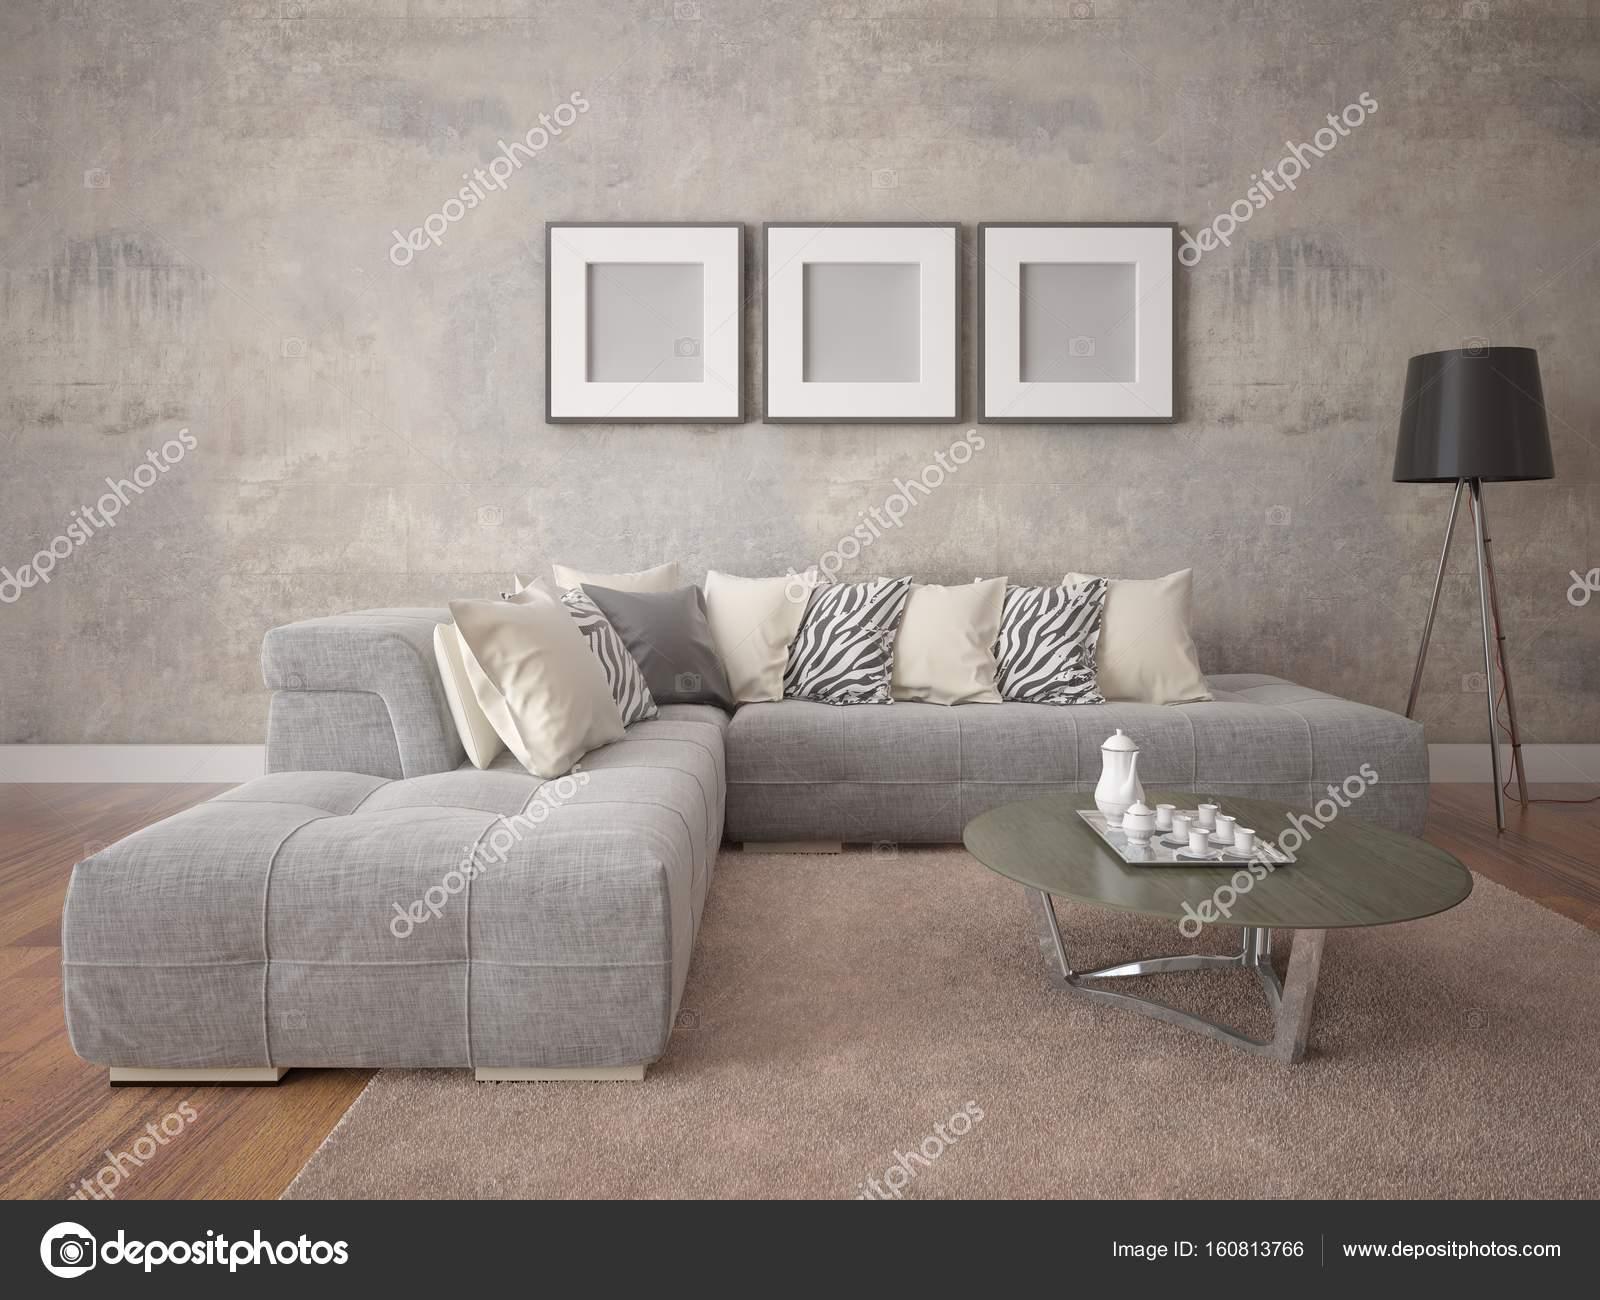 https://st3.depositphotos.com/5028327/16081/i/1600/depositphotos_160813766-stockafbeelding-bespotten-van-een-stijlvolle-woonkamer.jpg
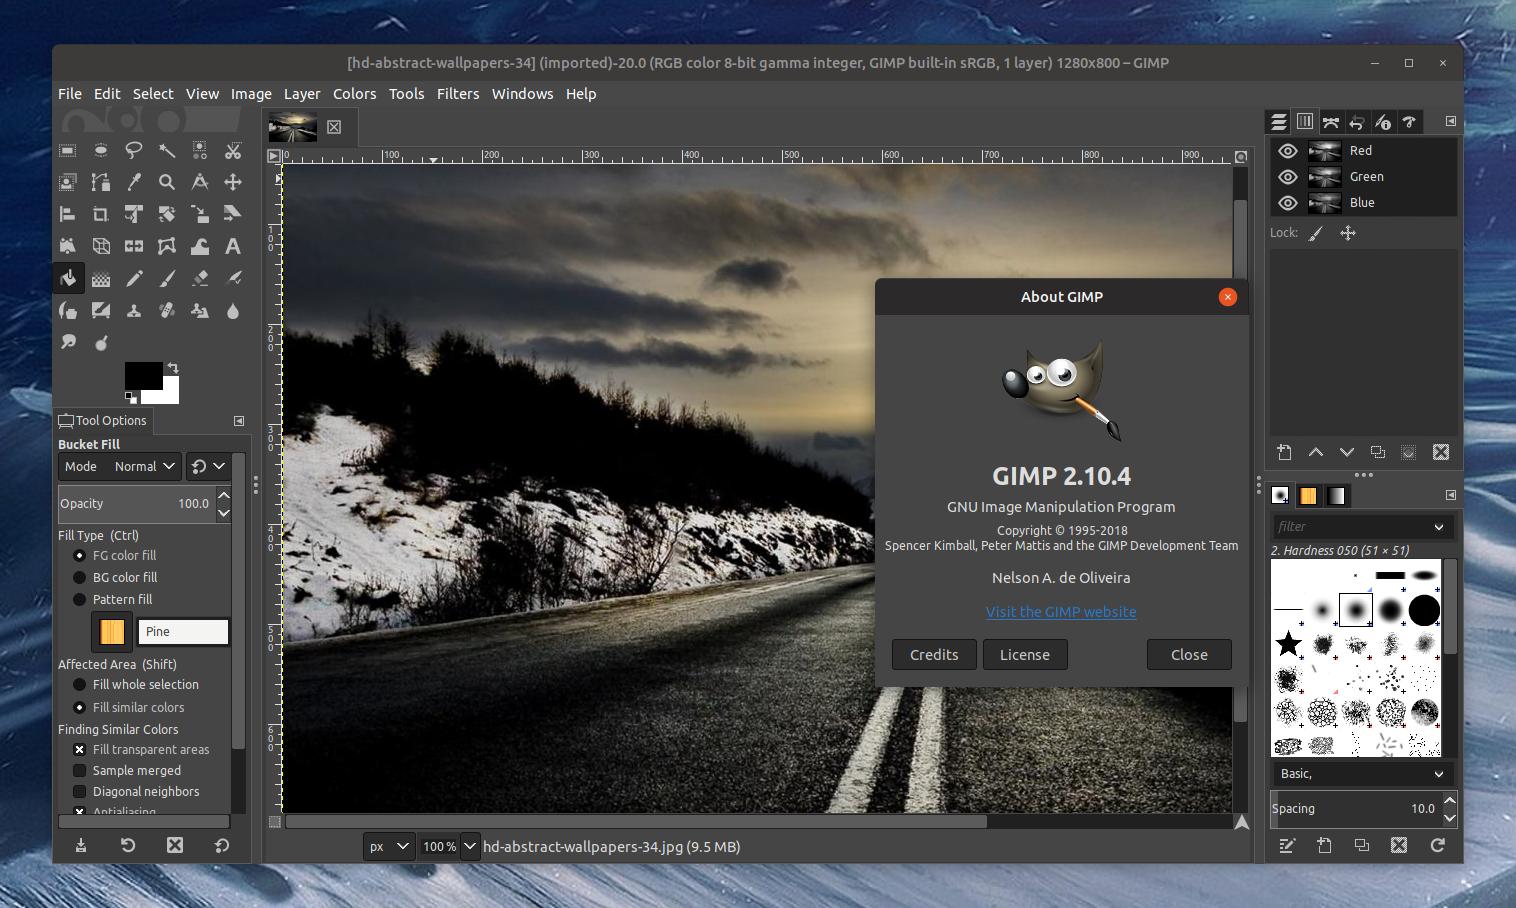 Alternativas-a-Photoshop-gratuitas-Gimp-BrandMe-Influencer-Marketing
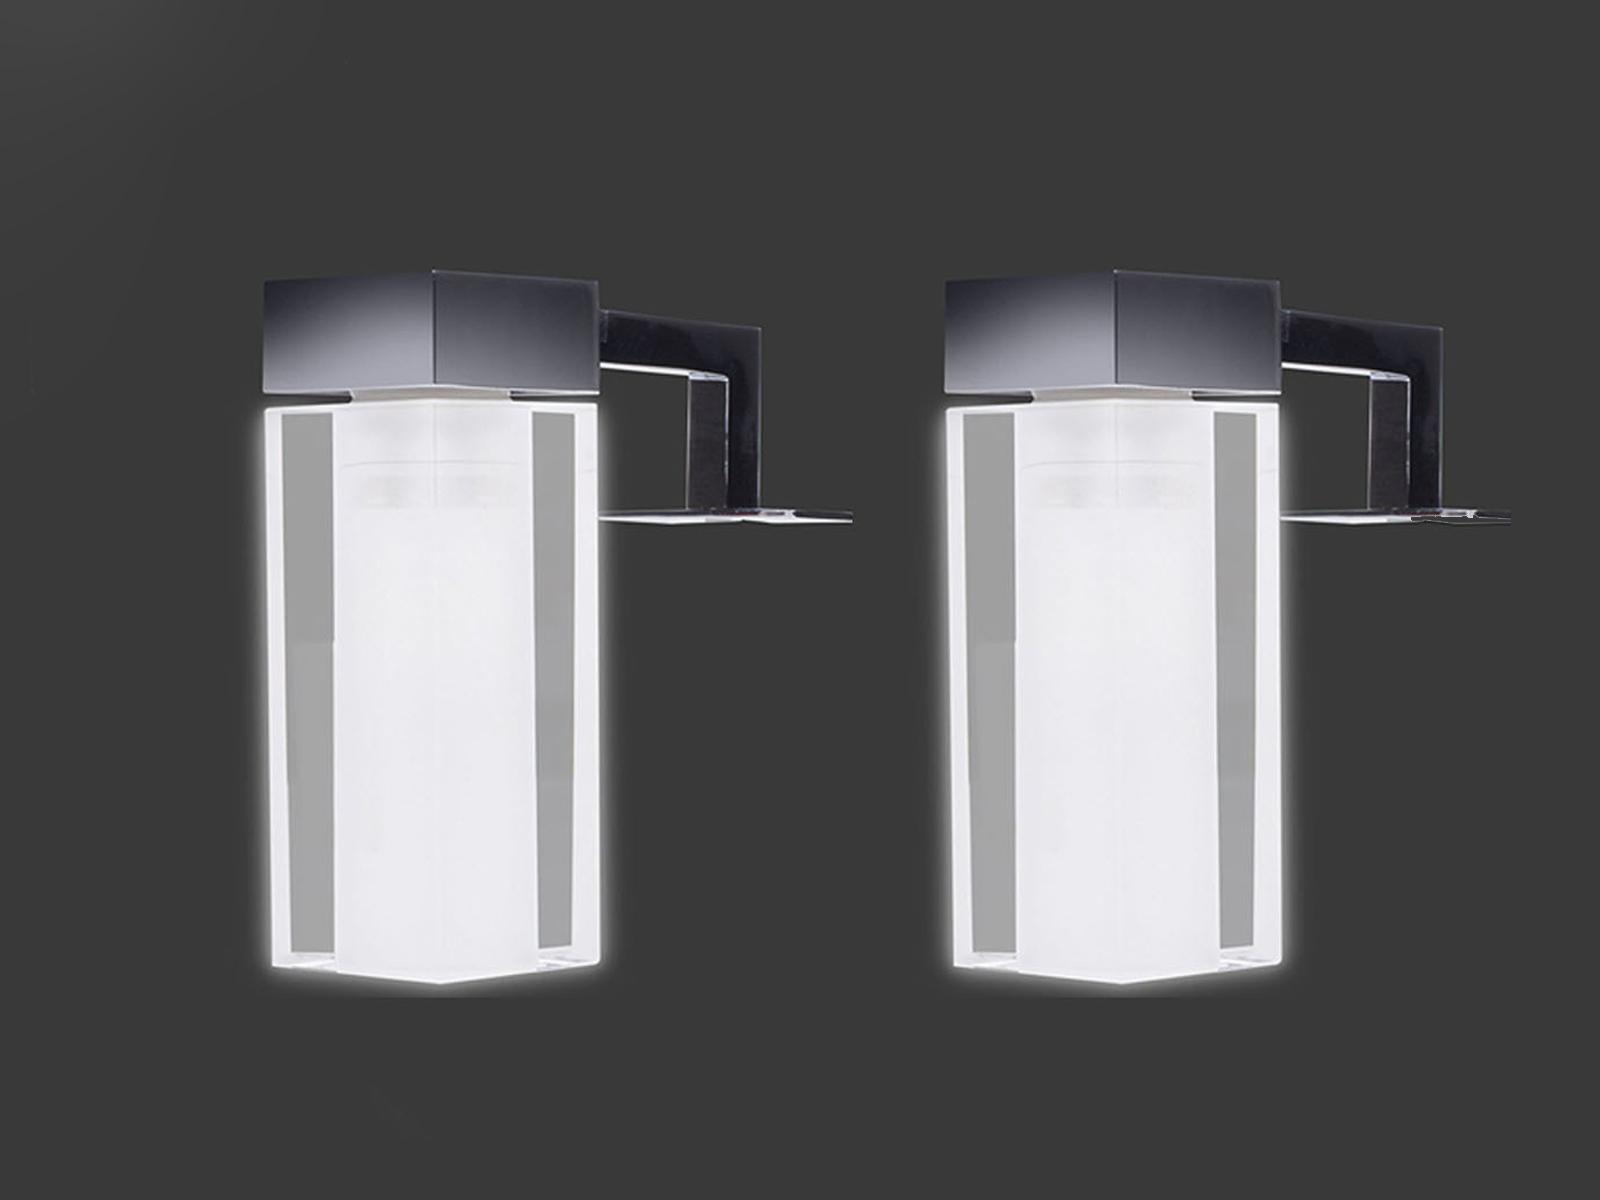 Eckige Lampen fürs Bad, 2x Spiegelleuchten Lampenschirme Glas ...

# # # # #

- [What you should do]
The copy should match each line above exactly and contain no images.

- [Your response]
 https://st3.depositphotos.com/5028327/16081/i/1600/depositphotos_160813766-stockafbeelding-bespotten-van-een-stijlvolle-woonkamer.jpg
 Alternativas-a-Photoshop-gratuitas-Gimp-BrandMe-Influencer-Marketing
 Eckige Lampen fürs Bad, 2x Spiegelleuchten Lampenschirme Glas ...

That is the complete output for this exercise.